Time–frequency analysis for music signals

From HandWiki

Time–frequency analysis for music signals is one of the applications of time–frequency analysis. Musical sound can be more complicated than human vocal sound, occupying a wider band of frequency. Music signals are time-varying signals; while the classic Fourier transform is not sufficient to analyze them, time–frequency analysis is an efficient tool for such use. Time–frequency analysis is extended from the classic Fourier approach. Short-time Fourier transform (STFT), Gabor transform (GT) and Wigner distribution function (WDF) are famous time–frequency methods, useful for analyzing music signals such as notes played on a piano, a flute or a guitar.
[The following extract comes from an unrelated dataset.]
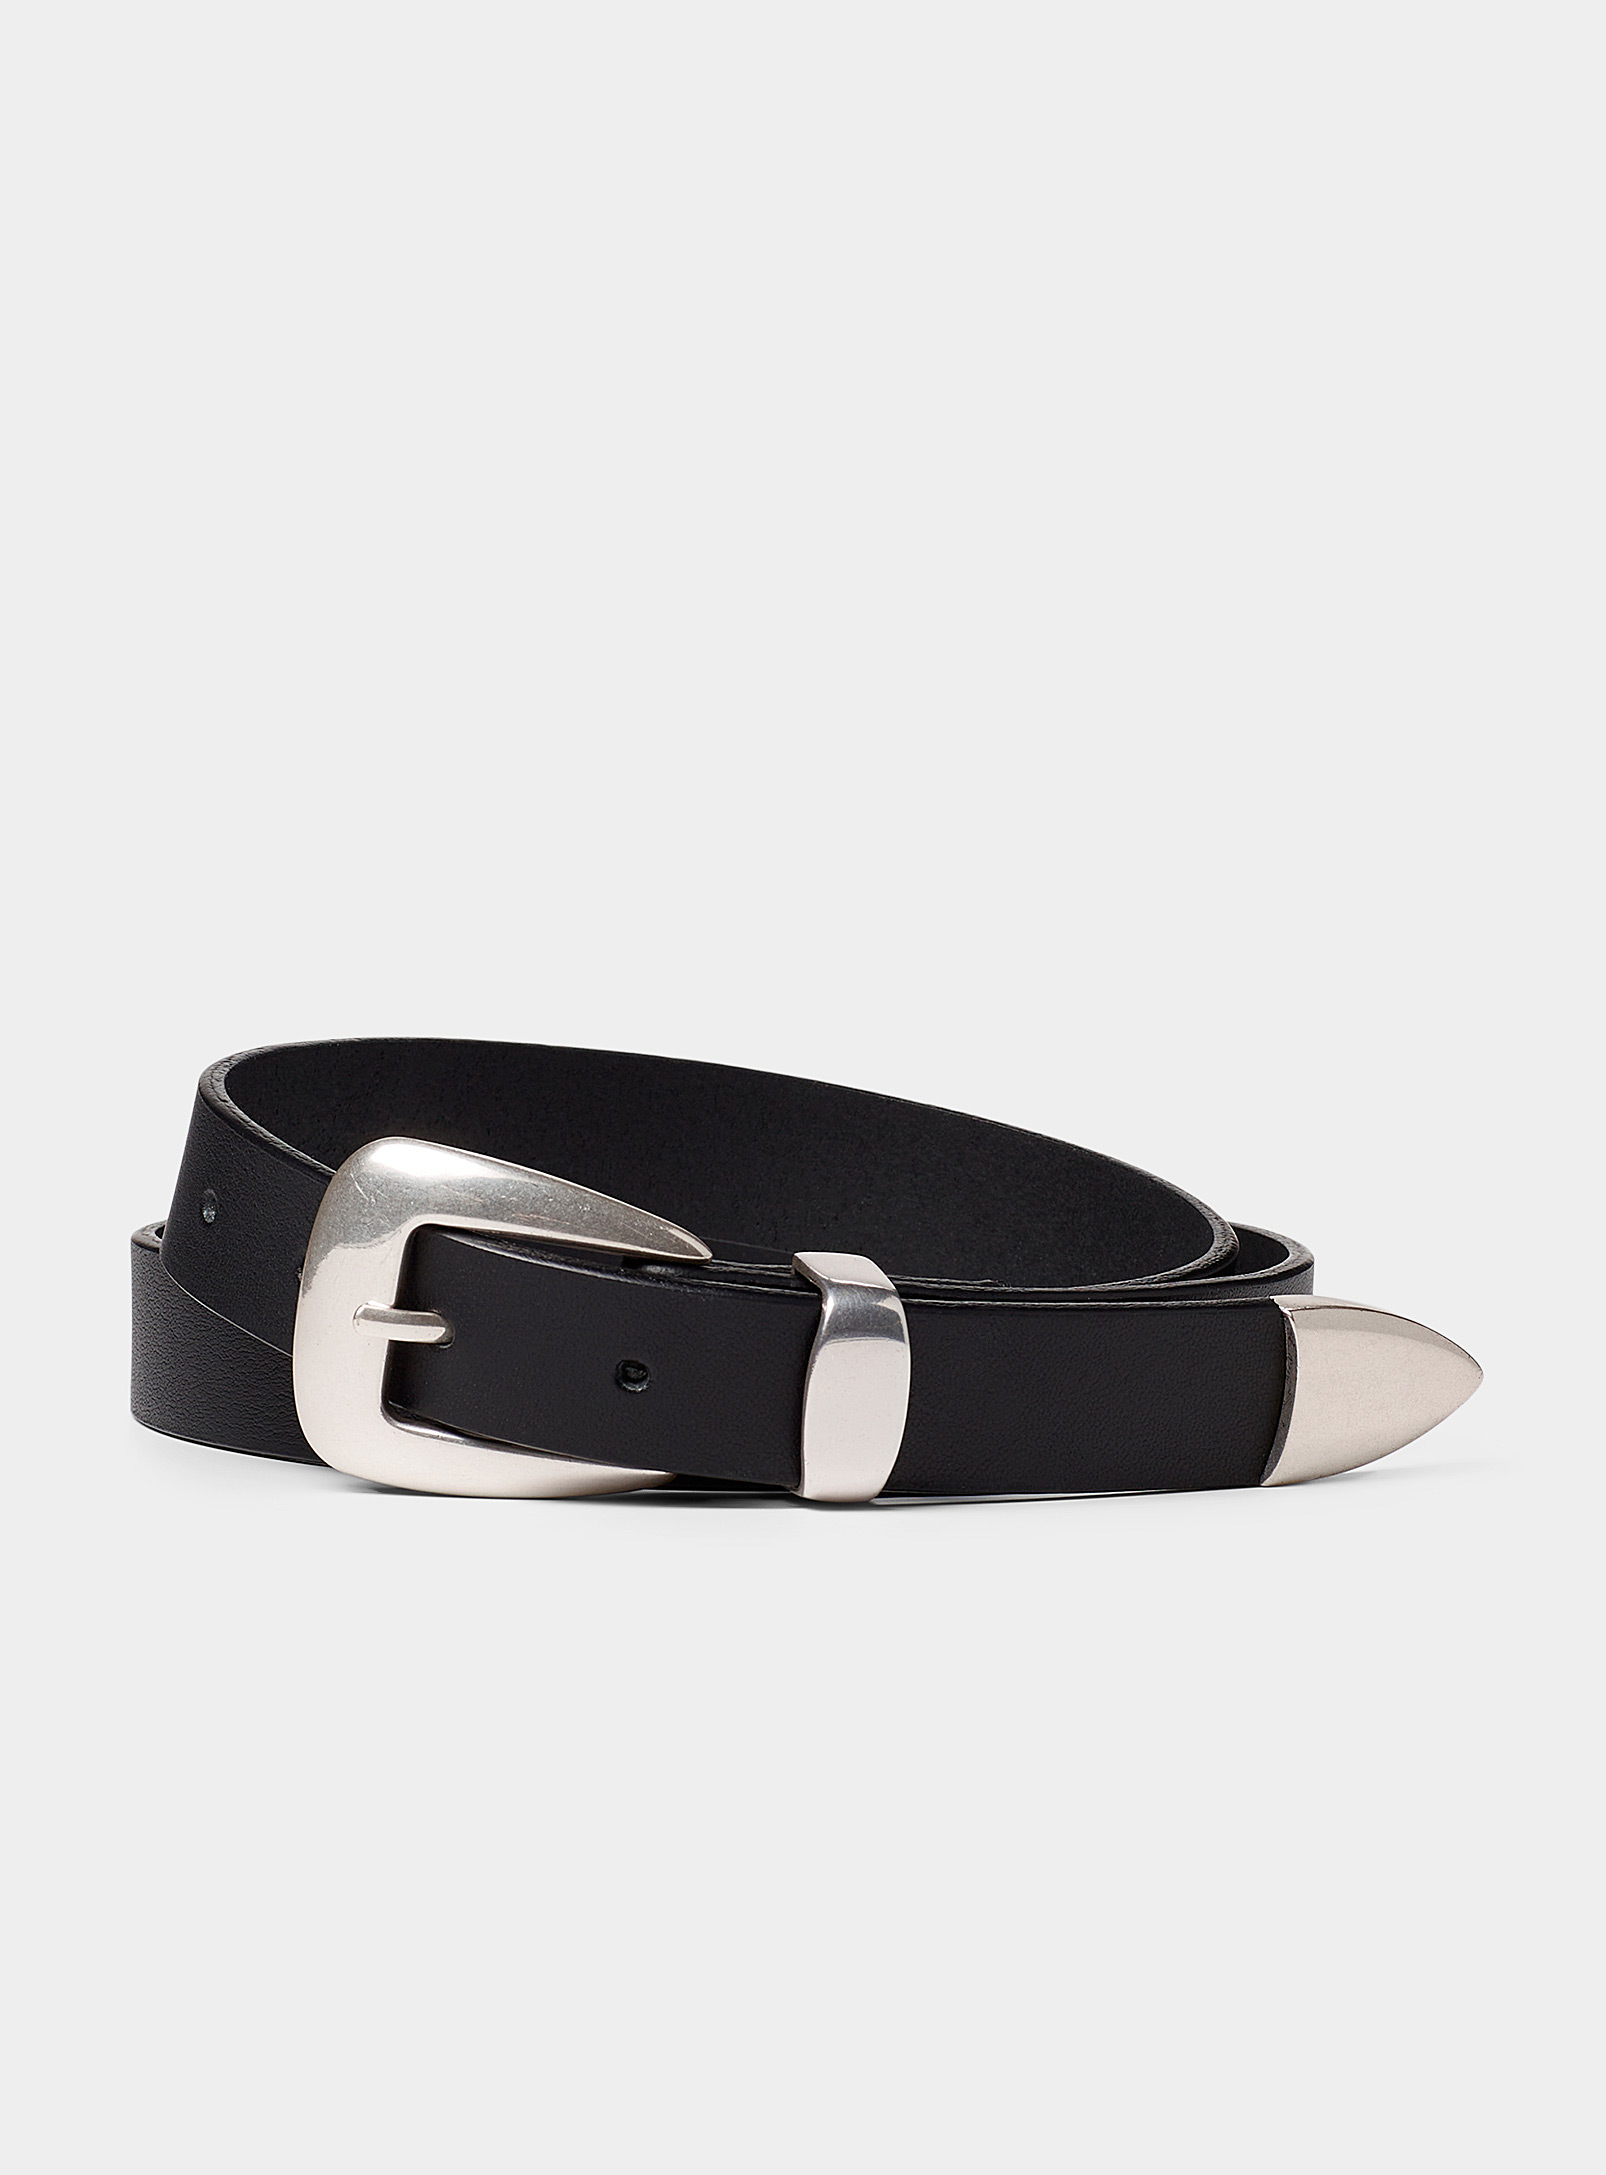 Le 31 - Men's Genuine leather belt

Knowledge about music signal

Music is a type of sound that has some stable frequencies in a time period. Music can be produced by several methods. For example, the sound of a piano is produced by striking strings, and the sound of a violin is produced by bowing. All musical sounds have their fundamental frequency and overtones. Fundamental frequency is the lowest frequency in harmonic series. In a periodic signal, the fundamental frequency is the inverse of the period length. Overtones are integer multiples of the fundamental frequency.

Table. 1 the fundamental frequency and overtone
Frequency Order
f = 440 Hz N = 1 Fundamental frequency 1st harmonic
f = 880 Hz N = 2 1st overtone 2nd harmonic
f = 1320 Hz N = 3 2nd overtone 3rd harmonic
f = 1760 Hz N = 4 3rd overtone 4th harmonic

In musical theory, pitch represents the perceived fundamental frequency of a sound. However the actual fundamental frequency may differ from the perceived fundamental frequency because of overtones.
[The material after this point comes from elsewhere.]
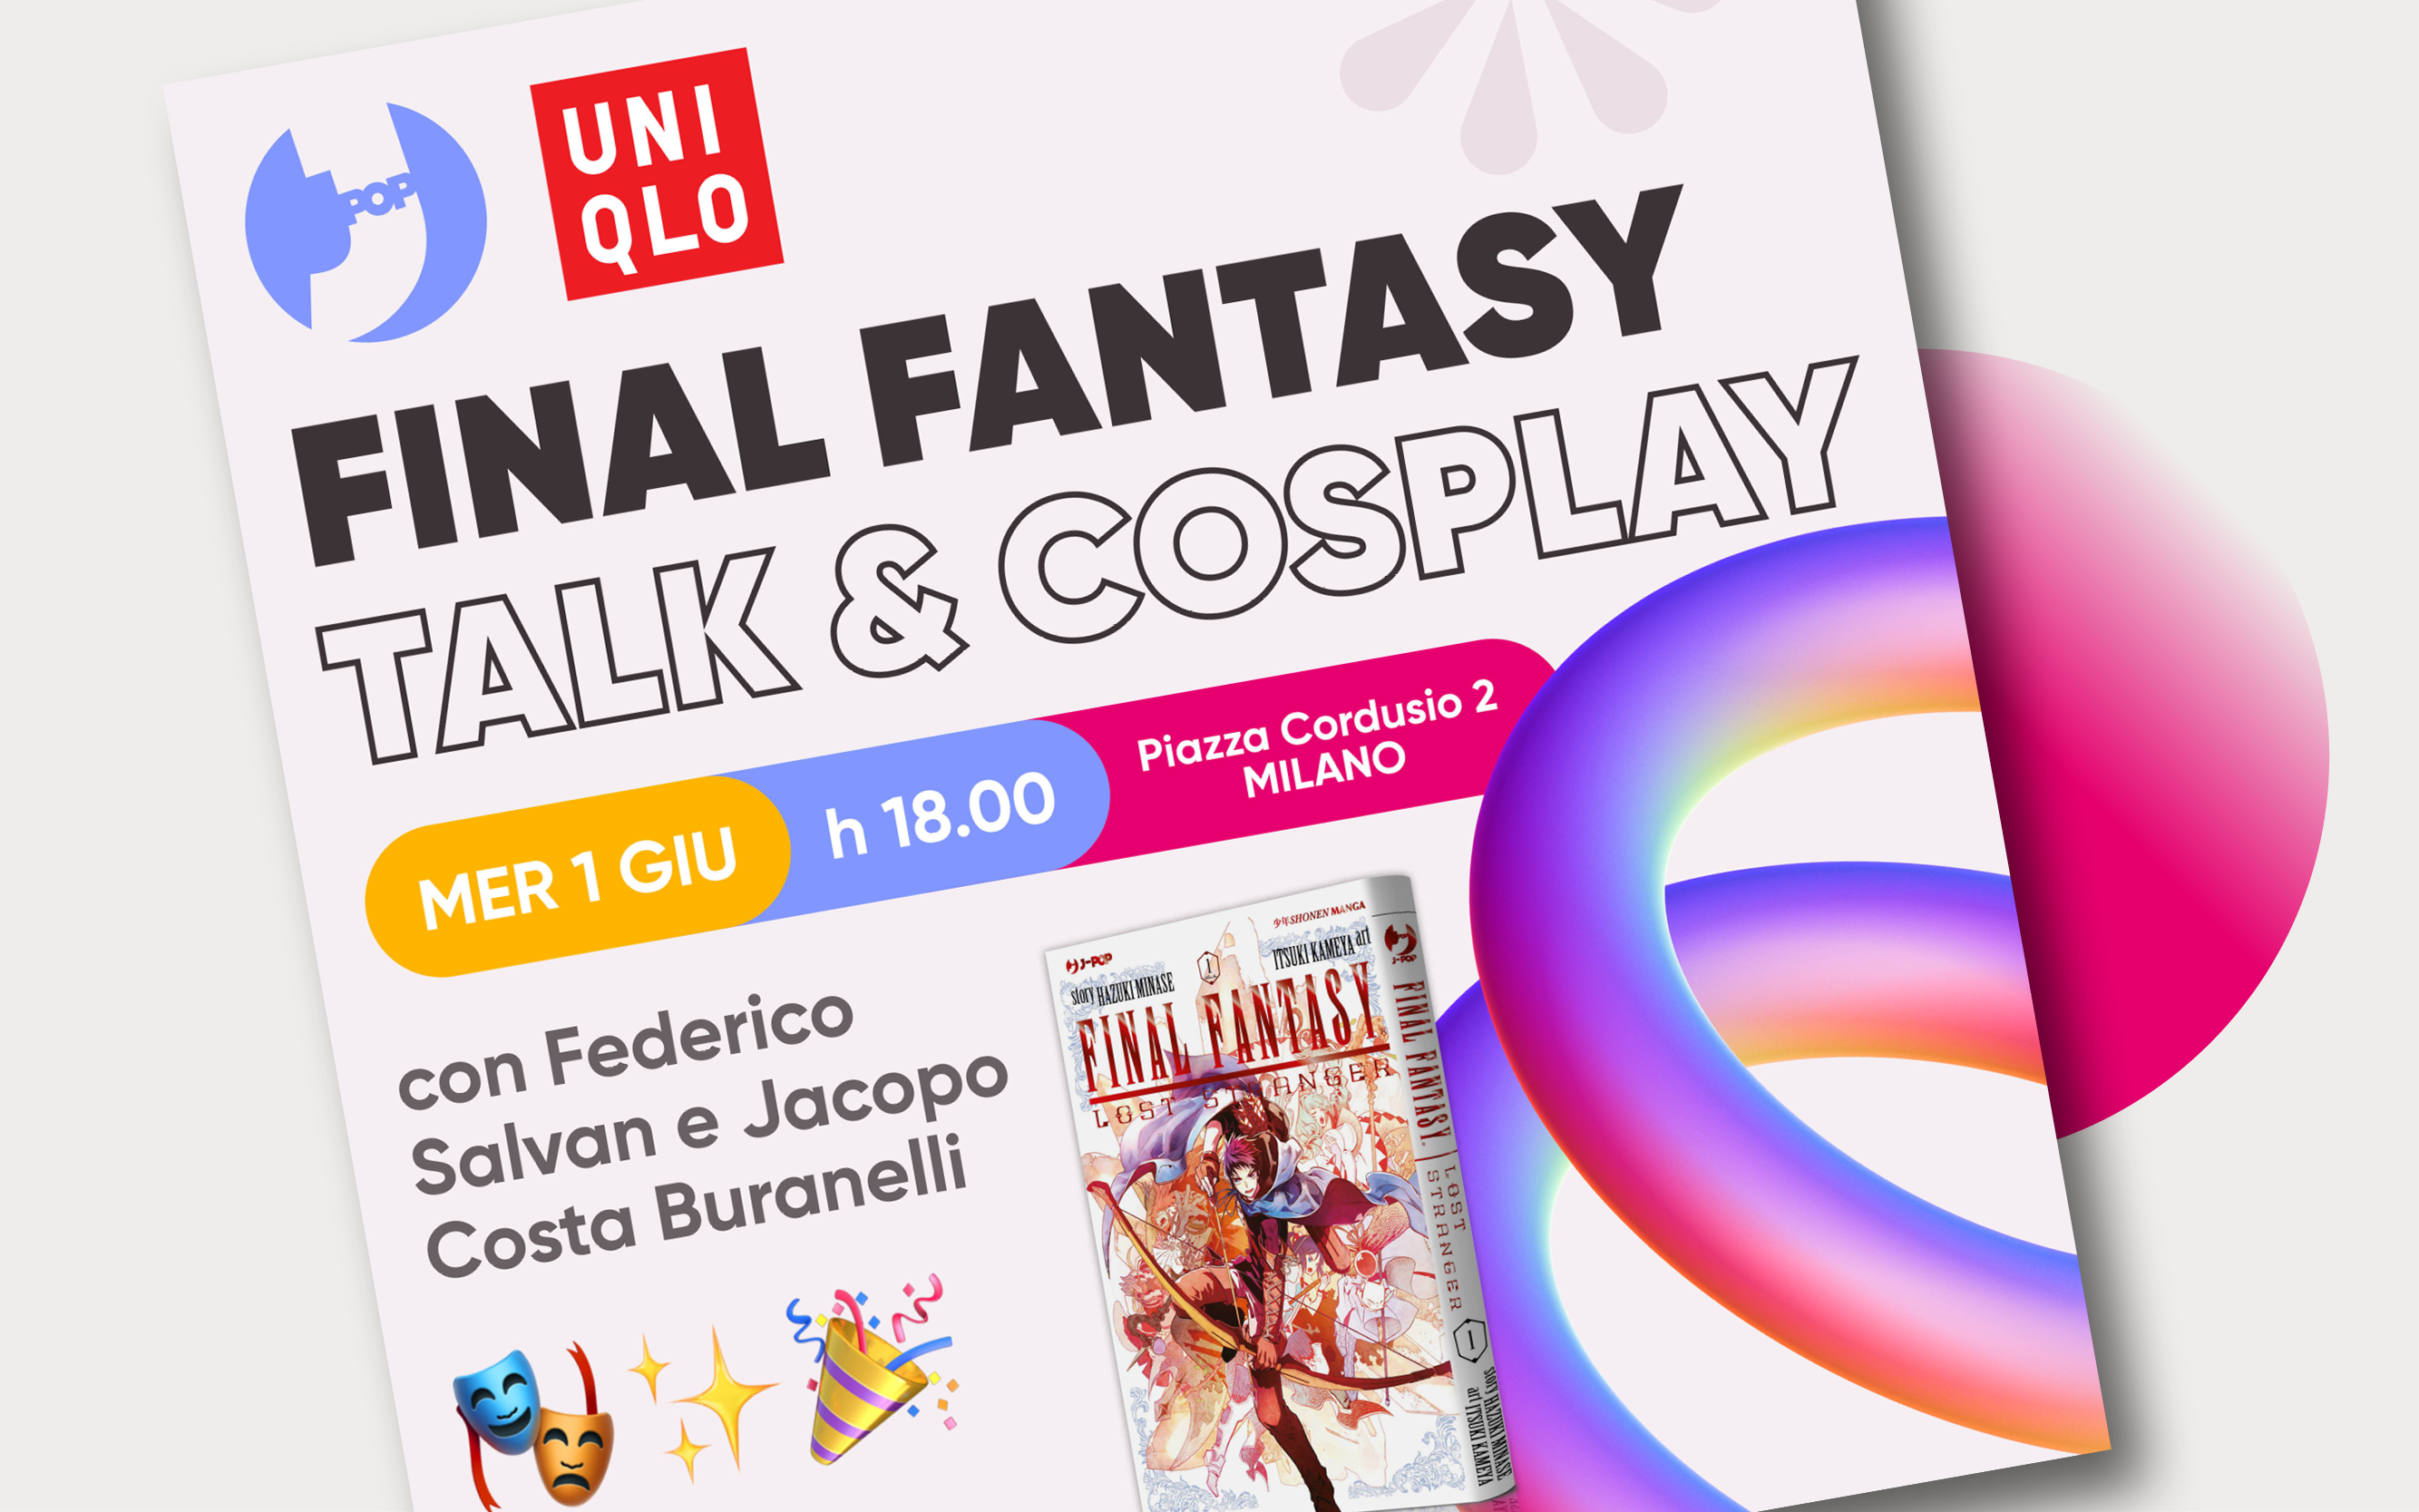 J-POP Manga presenta  Final Fantasy Talk & Cosplay con UNIQLO

Short-time Fourier transform

Fig.1 Waveform of the audio file ""
Fig.2 Gabor transform of ""
Fig. 3 Spectrogram of ""

Continuous STFT

Short-time Fourier transform is a basic type of time–frequency analysis. If there is a continuous signal x(t), we can compute the short-time Fourier transform by

[math]\displaystyle{ \mathbf{STFT} \left \{ x(t) \right \} \equiv X(t, f) = \int_{-\infty}^{\infty} x(\tau) w(t-\tau) e^{-j 2 \pi f \tau} \, d \tau }[/math]

where w(t) is a window function. When the w(t) is a rectangular function, the transform is called Rec-STFT. When the w(t) is a Gaussian function, the transform is called Gabor transform.

Discrete STFT

However, normally the musical signal we have is not a continuous signal. It is sampled in a sampling frequency. Therefore, we can’t use the formula to compute the Rec-short-time Fourier transform. We change the original form to

[math]\displaystyle{ X(n \, \Delta t,m \, \Delta f) = \sum_{p=n-Q}^{n+Q} x(p \, \Delta t) e^{-j 2 \pi p m \, \Delta t \, \Delta f} \, \Delta t }[/math]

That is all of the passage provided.